Если бы он мог сейчас оказаться в Петербурге или Москве, то, конечно, участвовал бы в подготовке крестьянской реформы. Его давнишнее убеждение в необходимости ликвидировать крепостное рабство ныне становится реальным действием правительства.
Конечно, правительство обманет крестьян. И очень важно этот обман разоблачить, чтобы вспыхнул бунт. Так должны участвовать в «подготовке» реформы революционеры.
Но Сибирь не знает крепостного землепашца, здесь не созданы губернские комитеты для обсуждения способов отмены крепостного права, и говорят об этом сибиряки лишь потому, что о крестьянской реформе толкует вся Россия. Зато с каким вниманием слушают Петрашевского чиновники из бывших студентов, учителя, мало-мальски интеллигентные купеческие сынки, когда он говорит о необходимости гласного судопроизводства. На местных, близких всем примерах показывает, как административный произвол уничтожает всякое правосудие.
Библиотека получает более 20 периодических изданий. Читатели воочию могут убедиться, насколько раздвинулись рамки проблем, ставших ныне предметом гласного обсуждения. Разве можно сравнить «Современник» или «Русское слово», когда в них писал Белинский, с «Современником» Некрасова и Чернышевского. Обидно, что Ханыков в свое время так и не познакомил его с Николаем Гавриловичем. Он завидует Чернышевскому, имеющему возможность высказать вслух именно те мысли, которые Петрашевский выстрадал каторгой.
А проповедь Герцена! «Колокол». Его удары долетают и до Иркутска. Петрашевский добывает почти все номера. Герцен зовет к революции. И призыв его находит отклик. Петрашевский тоже не против революции, но разве подготовлена к ней Сибирь? Нет, это темное царство. Нужны тысячи пропагаторов и годы, чтобы раскачать этот край. Петрашевский делает все от него зависящее. Он держится старой тактики обличения. А каков результат?

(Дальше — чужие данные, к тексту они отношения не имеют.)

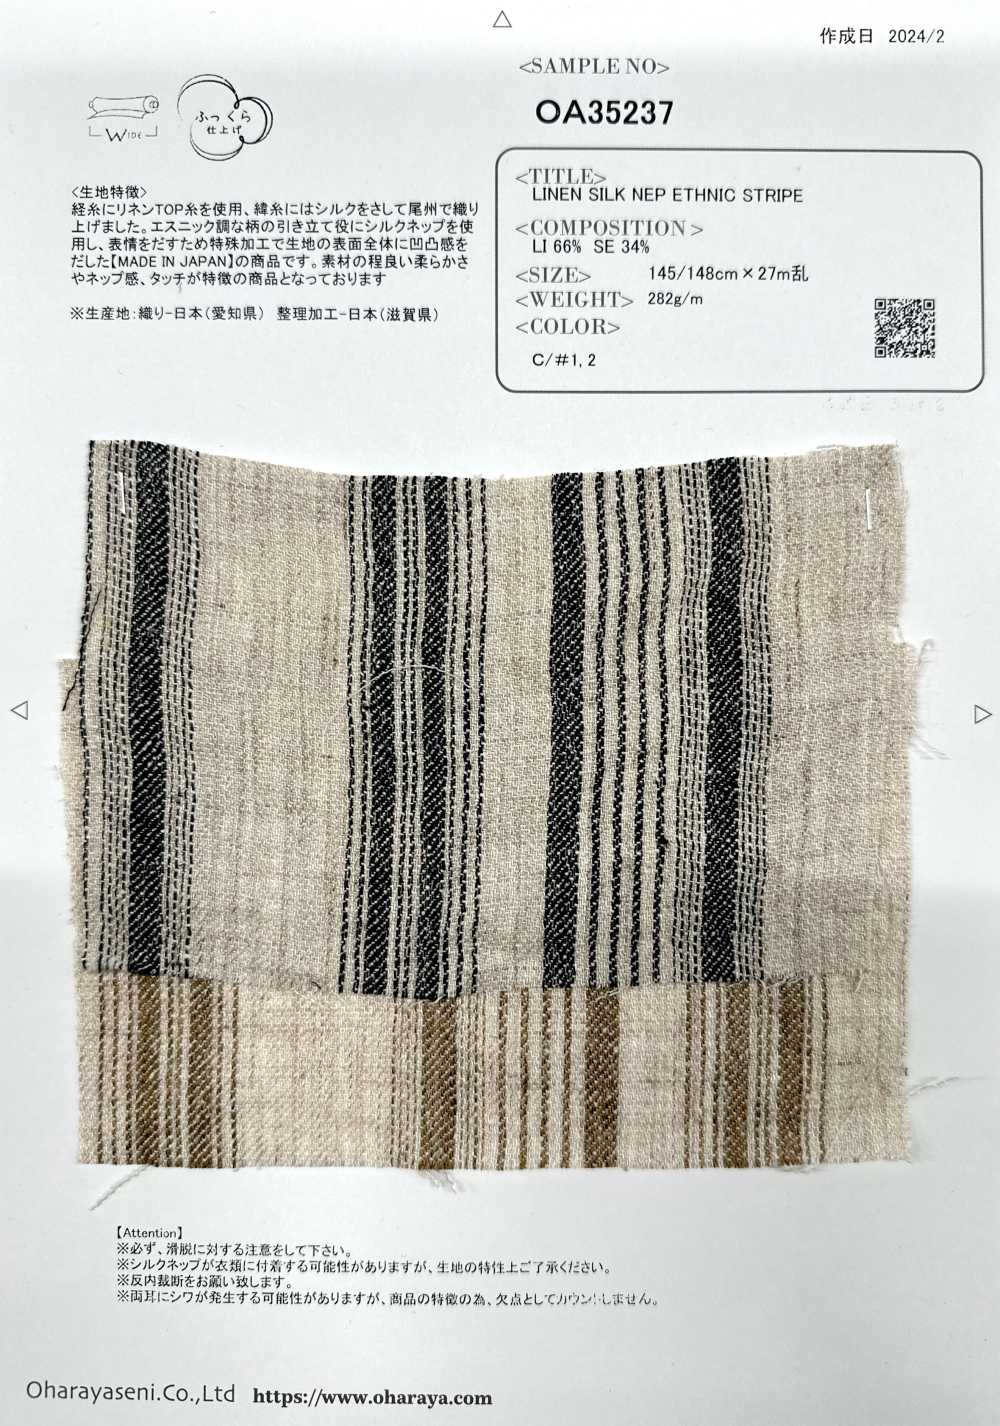 OA35237 Coton Supima & Lin Français × SOIE 2/1 Super Twill Finition Soyeuse[Fabrication De Textile] Oharayaseni

Просвещенное сатрапство Муравьева по-прежнему торжествует. Но именно сейчас оно просто нестерпимо. И чего стоит теперь генерал-губернаторский показной либерализм!
Если во времена николаевского террора он вызывал удивление и даже восхищение у некоторых, то ныне в глаза бросается прежде всего самодурство, тот самый бешеный николаевский окрик, который уже не слышен Европейской России. Будто не произошло никаких перемен в общественной жизни, будто Николай не умер, а перенес свою столицу в Иркутск. Нет, долг. Петрашевского именно сейчас открыто противопоставить себя сибирскому самодержцу, примером своим увлечь лучших, пробудить в них чувство гражданственности.
А убийство Неклюдова только предлог, и нет времени размышлять над тем, хорош он или плох.
Как метко сказал однажды Шестунов: «Заматерелые рутинисты и консерваторы вовсе не опасны, опасны либералы на словах, эти духи тьмы, они на деле всегда оборачиваются защитниками произвола и деспотизма».
Разоблачая Беклемишева и всех этих «людей белой кости», он будет разоблачать прежде всего их.
А воти церковь. У входа в руки провожающих опять влетают бумажки. Но на них нет генеральской подписи.
«С дозволения начальства. Шайка разбойников, воглаве которых атаман Беклемишев… Сотник, полицмейстер Сухотин, и проч. и проч. принимают заказы на убийства…»
Благочиние церковного отпевания нарушено.
Простой люд ропщет.
— Если бы наш брат убил, его бы плетьми да в каторгу, а баре убивают, им нипочем…
«Чистая» публика старается выбраться из церкви, но ее цепко держит толпа. Кладбище напоминает городской сад в дни гулянья. Людской муравейник ни на минуту не умолкает и все время в движении.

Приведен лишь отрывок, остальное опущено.